# Is This Cover Plate Normal?



## bigclick (Oct 9, 2011)

Hi all,
I have been looking at a second hand Hymer (LHD B544) and outside on the back there is a small panel (240x75 ish) screwed to the van with 6 small cross-head screws.

The panel matches the rest of the outside wall but it is slightly proud.

I have attached a picture and my question is… What is it? The seller doesn’t know and I can’t see any rhyme or reason for it other than something nasty maybe?
Thanks


----------



## tonyt (May 25, 2005)

There's a simple solution - do you have a screwdriver?

Please post a pic of what's behind the panel.


----------



## DTPCHEMICALS (Jul 24, 2006)

Could be a damage repair or hiding a vent.
Just undo the screws and tell us.
Dave p


----------



## bigclick (Oct 9, 2011)

I am unable to comment on what is behind it because ...

1. Its not mine (yet)

2. There looks to be a sealant of some sort at the edge so not sure I would need to re-seal?

3. If its standard then someone should know?

Hoping its something easily explained so I can consider making an offer.


----------



## hogan (Oct 31, 2006)

No it's not a Hymer factory fitted panel


----------



## rosalan (Aug 24, 2009)

I have just trawled through pictures of other B 544 models and they often have this plate. It is not unique. One on Ebay has it and different preloved van has the same.
Alan


----------



## dragonflyer (Nov 4, 2007)

I suspect that this panel is covering damage. It is best left well alone.

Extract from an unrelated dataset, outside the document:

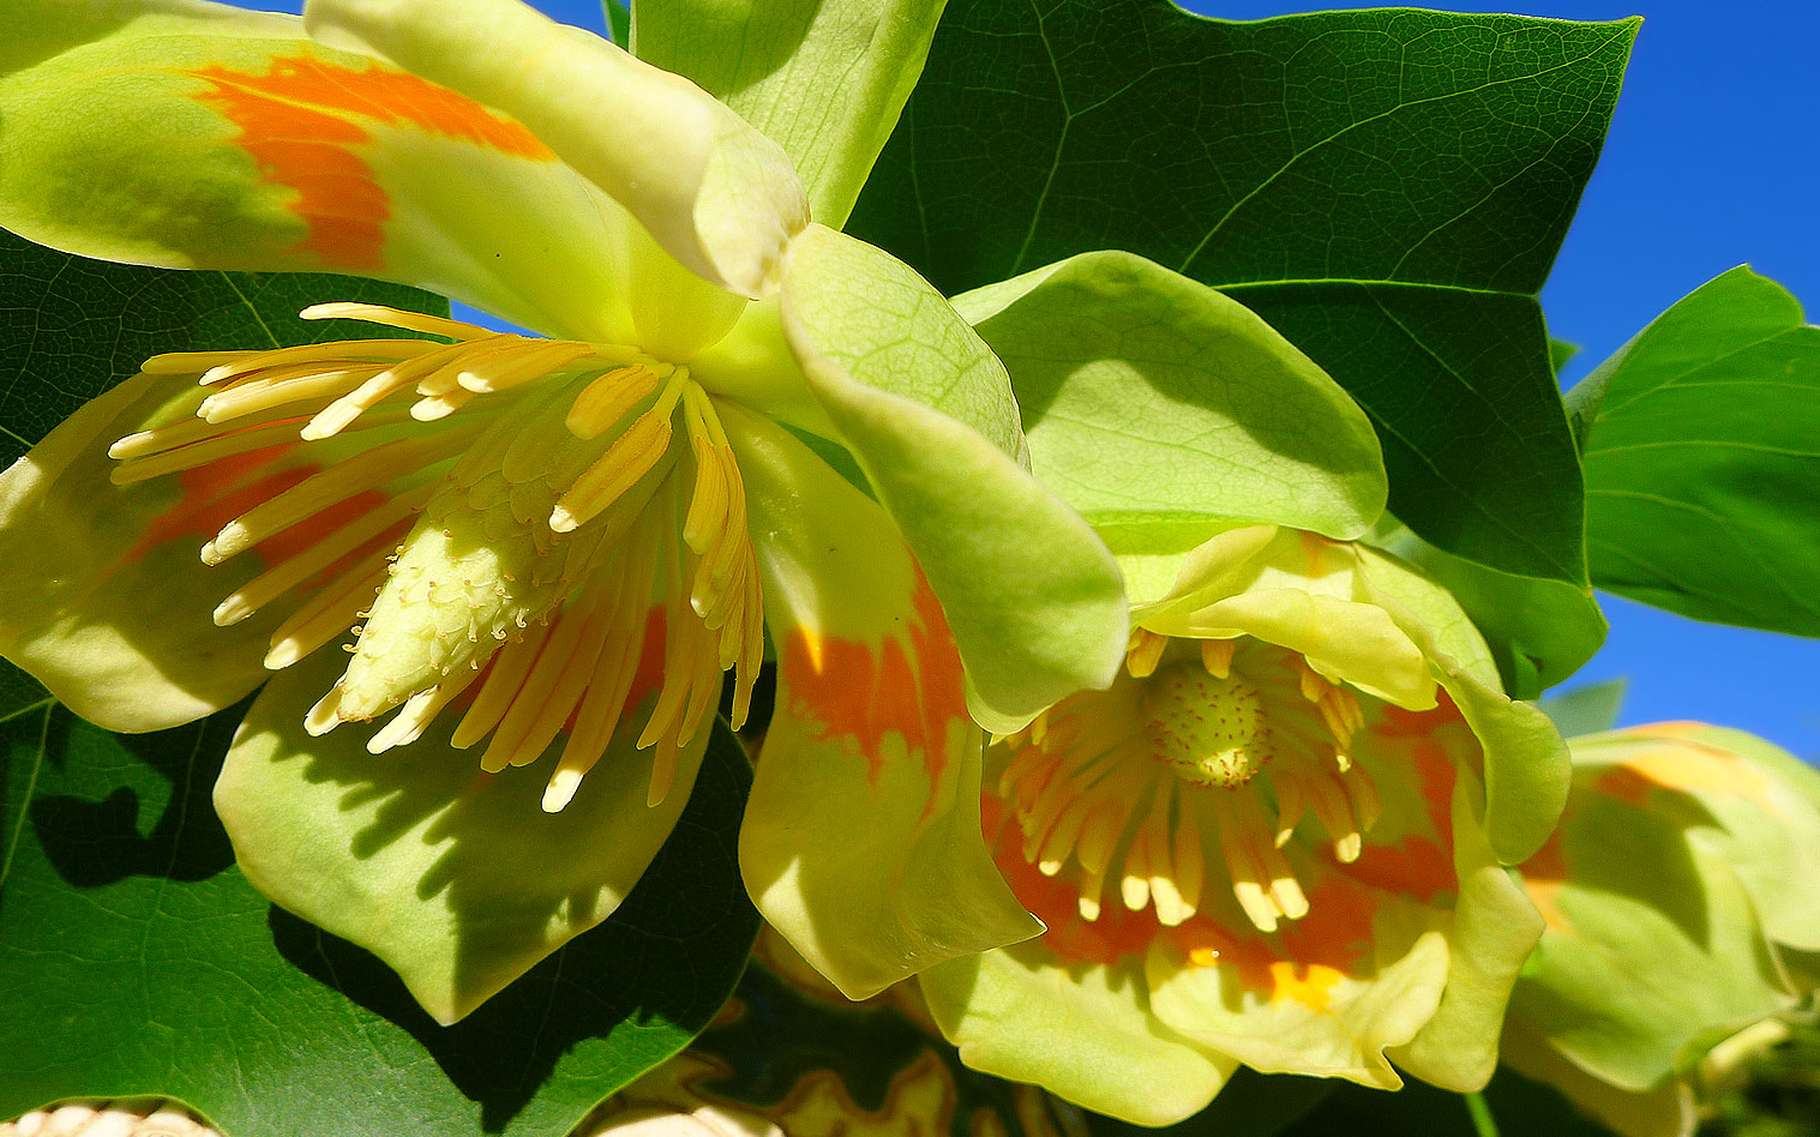 Meise (Belgique), Jardin national botanique de Belgique - Liriodendron tulipifera - Tulipier de Virginie. © Jean-Pol Grandmont, Creative Commons Attribution-Share Alike 2.5 Generic license

Check what is on the inside of the M/H in this position - the internal wall may well be intact.

We sustained damage to a previous M/H when it was being serviced. Someone with a ladder on top of a van struck it sufficiently to dent the aluminium panel. In this case the panel was probably breached - perhaps by reversing into some obstacle.

For a patch it quite well done.

Joyce


----------



## satchel (Aug 16, 2008)

If your fridge is in that corner (as on my 584) it will be the access plate to the fridge gas jet.
Good luck


----------



## bigclick (Oct 9, 2011)

on the other side (of the plated wall) is the fridge, there are two vents on the side wall next to the main door. I thought these were for the fridge?


----------



## DTPCHEMICALS (Jul 24, 2006)

Politely ask the seller to remove the panel so that you both can see what is behind it.
Had there been a panel like that when I purchased my mh I would have wanted to know what is behind it.

Dave p


----------



## bigclick (Oct 9, 2011)

Fridge Jet access it is then...Phew


----------



## kimbo4x4 (Jun 29, 2008)

Could be fridge access. E510 has access panel hidden behind the rear light cluster. Is the fridge/ kitchen at the back?
Just ask the seller. If they don't know ask if they mind you removing it for a look.


----------



## KeithChesterfield (Mar 12, 2010)

Is this the one?


----------



## bigclick (Oct 9, 2011)

KeithChesterfield said:


> Is this the one?


Bingo! 
Happy days
and Thanks all


----------



## DTPCHEMICALS (Jul 24, 2006)

Another happy ending.
:lol: 
Dave p


----------



## Bill_H (Feb 18, 2011)

I'd be inclined not to buy it as the owner didn't know what it was, what else doesn't he know about it? What other problems has he not bothered to check?


----------



## KeithChesterfield (Mar 12, 2010)

Dave p - give that girl a rest - she can't keep it up all night!

:wav: :wav: :wav:


----------



## bigclick (Oct 9, 2011)

Bill_H said:


> I'd be inclined not to buy it as the owner didn't know what it was, what else doesn't he know about it? What other problems has he not bothered to check?


I think if it was obscure enough to exercise a proportion of the brethren on this site I can forgive him for not having concerned himself with it before


----------



## javea (Jun 8, 2007)

KeithChesterfield said:


> Dave p - give that girl a rest - she can't keep it up all night!
> 
> :wav: :wav: :wav:


Bet Dave can't either!


----------